Disclaimer: The opinions of the columnists are their own and not necessarily those of their employer.
Jeff Lowder

Review and Critique of Generally Accepted Privacy Principles — Part 4

2.4. GAPP Assessment Procedures

GAPP Approach: Again, the AICPA and CICA claim that each of GAPP’s 10 privacy principles is supported by “relevant, objective, complete, and measurable criteria.”

Critique: While in many cases it is obvious how an auditor should test compliance with a given criterion, in a few cases, especially the security criteria, this is not obvious. For example, when criterion 8.2.1.a states that the entity’s information security program should address “risk assessment and treatment” as it relates to the “security of personal information,” how, precisely, is the auditor supposed to validate that? Must the entity adopt ISO 31000 or ISO 27005? Factor Analysis of Information Risk (FAIR)? OCTAVE? NIST SP 800-30? RiskIT? COSO? Any of the above? Is a home-grown risk management methodology acceptable? The AICPA and CICA do not say.

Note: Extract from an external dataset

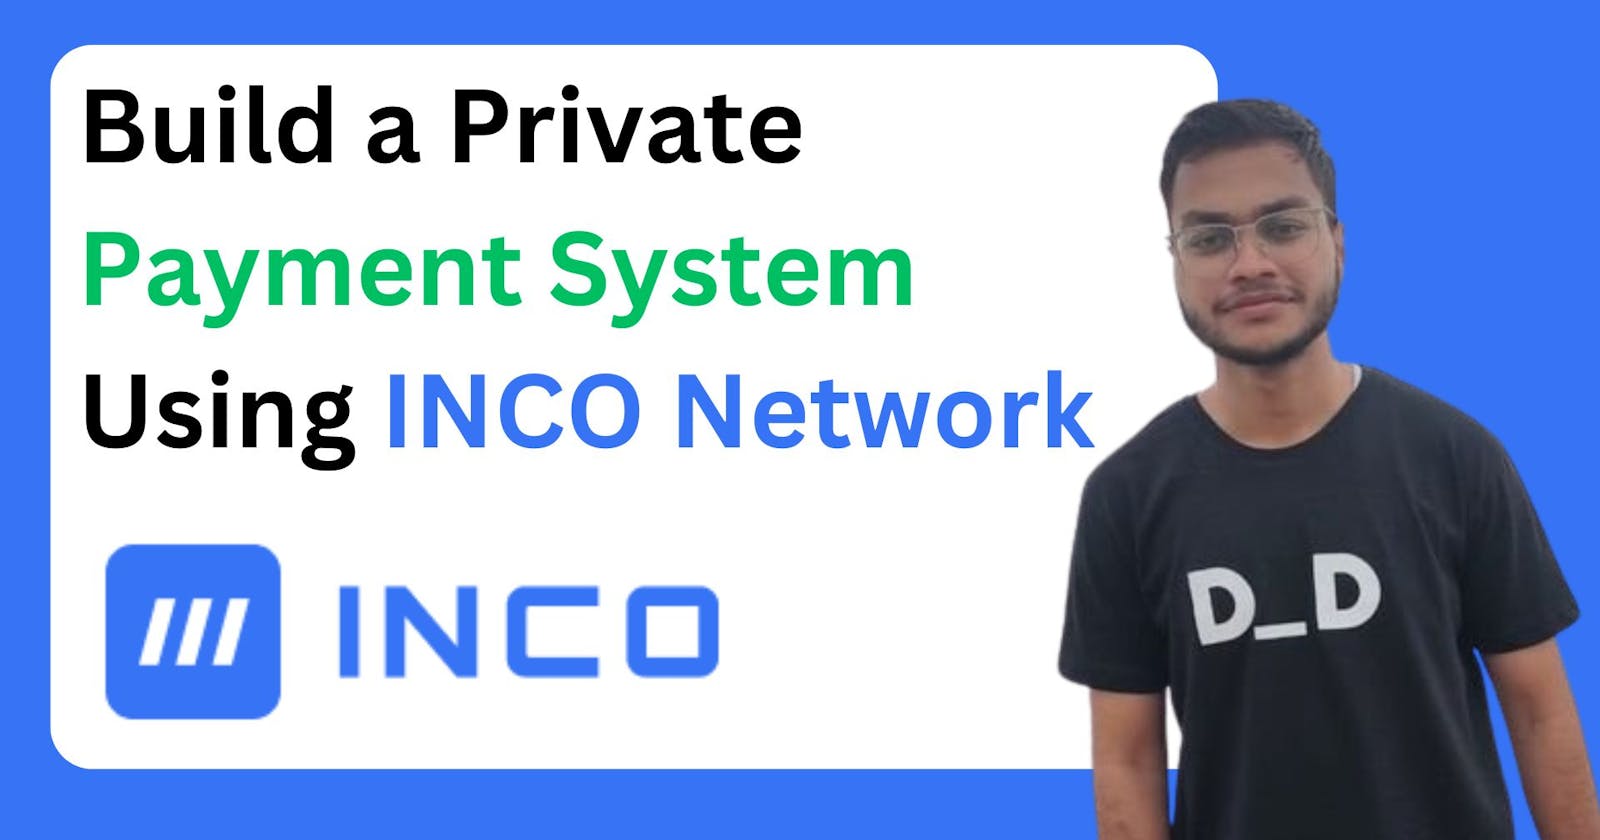 Build a Private Payment System Using INCO Network

Solution: The AICPA and CICA should define and publish clear, unambiguous testing or assessment procedures. The Payment Card Industry (PCI) Data Security Standard (DSS) is one example of a standard with clearly defined testing procedures. Another option is NIST SP 800-53A, which arguably provides one of the most well thought out structures for defining assessment procedures. Each assessment procedure includes one or more assessment objectives (the ‘why’), assessment methods (the ‘how’), and assessment objects (the ‘what’). That structure can be applied to be any compliance framework, not just NIST SP 800-53.

2.5. AICPA/CICA’s Comparison of GAPP to Other Privacy Frameworks

In their “Comparison of International Privacy Concepts,”[35] the AICPA and CICA compare GAPP to eight other privacy frameworks: (1) Australia Privacy Act; (2) Canada Personal Information Protection and Electronic Documents Act (PIPEDA); (3) EU Data Protection Directive; (4) OECD Guidelines Governing the Protection of Privacy and Transborder Flows of Personal Data; (5) U.S. FTC’s Fair Information Practices in the Electronic Marketplace; (6) U.S.-EU Safe Harbor Framework; (7) U.S. Health Insurance Portability and Accountability Act of 1996 (HIPAA); and (8) U.S. Gramm-Leach-Bliley Act (GLBA). The AICPA and CICA caution that their comparison “is for illustrative purposes only and not meant to be comprehensive,” which I interpret to mean that the list of privacy frameworks is not comprehensive.[36]